On the stock trading front, US stocks close near record highs. According to trading, US stocks pared some of their gains to close near record highs on Friday, supported by rising expectations for a September interest rate cut amid signs of easing inflation as earnings season begins with banks in focus.
The S&P 500 rose 0.5%, after hitting an all-time high of 5,655 during the session. Also, the Nasdaq 100 rose 0.5%, rebounding from its worst day since April. Furthermore, the Dow Jones jumped 247 points, closing above the 40,000 marks for the second time, having last reached that level on May 17. Moreover, JPMorgan shares fell 1.2% despite higher-than-expected revenue driven by higher investment banking fees. Likewise, Citigroup fell 1.8% even after beating revenue and earnings expectations. Ultimately, Wells Fargo shares fell 6% after reporting lower-than-expected net interest income.

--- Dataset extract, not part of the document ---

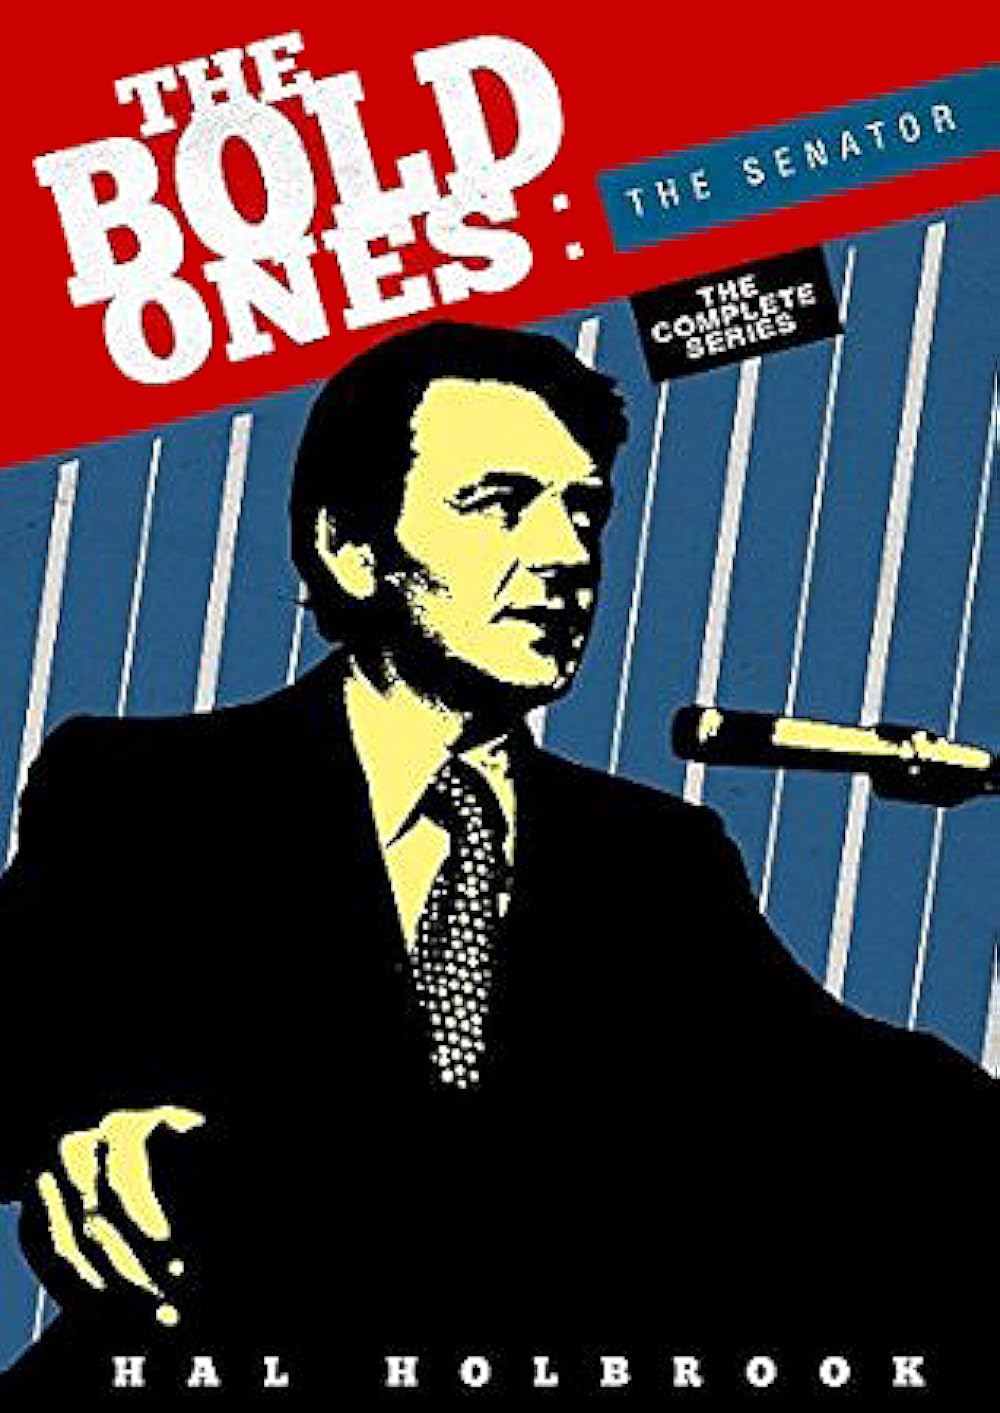 The Bold Ones: The Senator (1970)
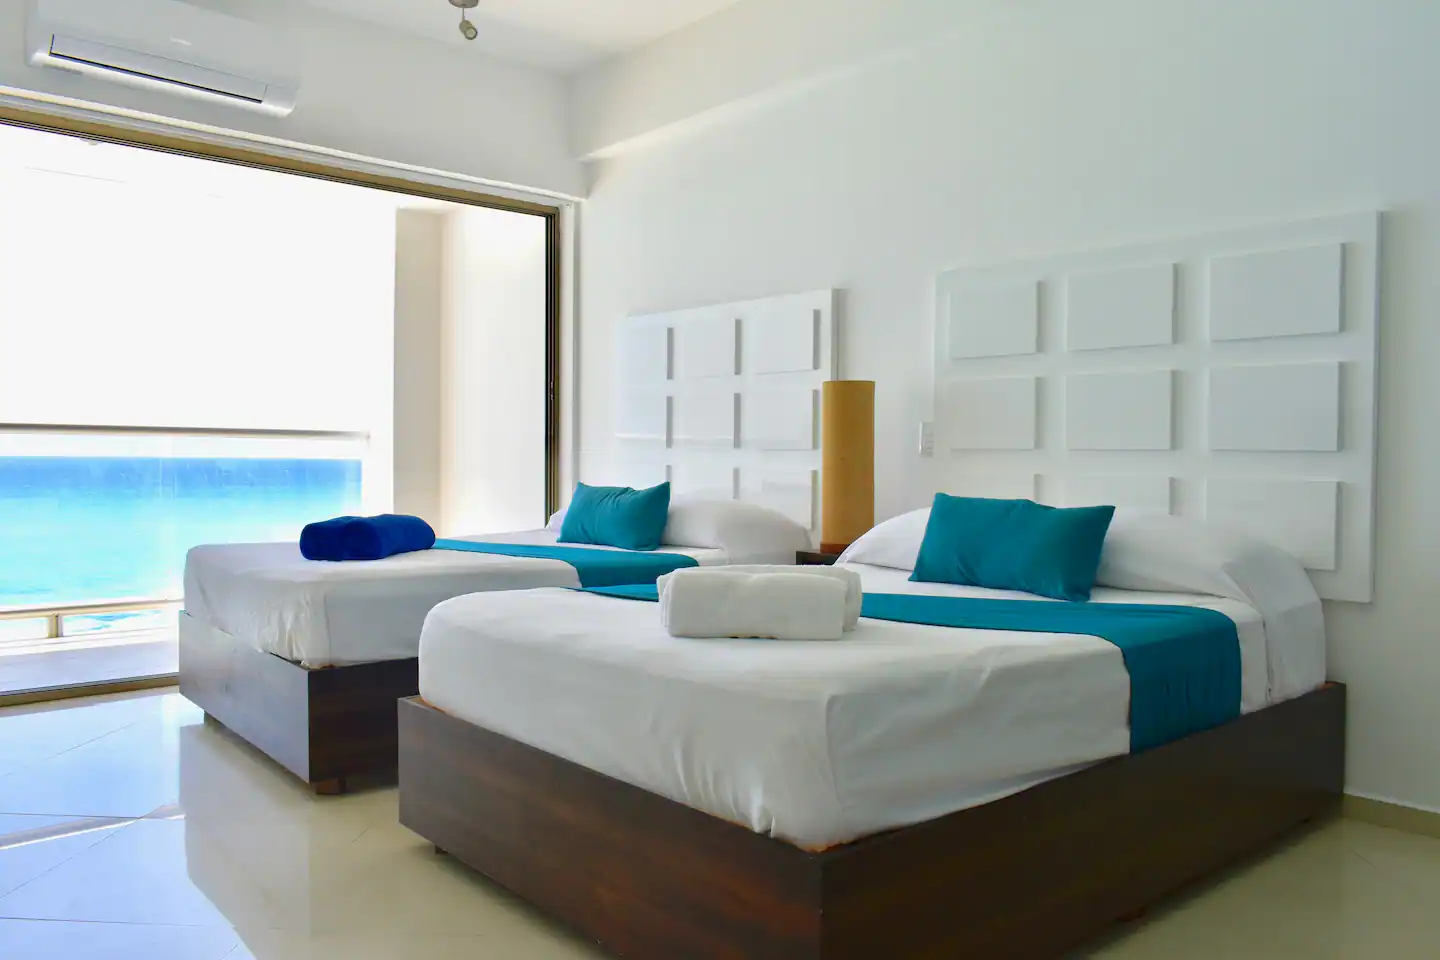 Loft vista Al Mar, one of the best Airbnbs in Cancun

During last week’s trading, the Dow led gains, jumping 1%, followed by the S&P 500 (+0.6%) while the Nasdaq 100 fell (-0.5%).
USD/JPY Technical analysis and Expectations Today
The USD/JPY pair continues to trade slightly below its 100-hour moving average. A late pullback on Friday pushed the pair closer to the oversold levels of the 14-hour RSI. In the near term, based on the hourly chart, the USD/JPY pair is trading within a sideways channel. However, the 14-hour RSI has recently declined to approach oversold conditions. Therefore, the bears will target extended pullbacks around 156.96 or lower at the 156.14 support. On the other hand, the bulls will look to pounce on the bounces around 158.55 or higher at the 159.33 resistance.
In the long term, based on the daily chart, the USD/JPY pair is trading within an ascending channel. However, the 14-day RSI has recently retreated to recover from overbought levels. Therefore, bears will target extended pullback profits around 154.50 or lower at 150.82 support. On the other hand, bulls will look to pounce on profits around 161.90 or higher at 165.35 resistance.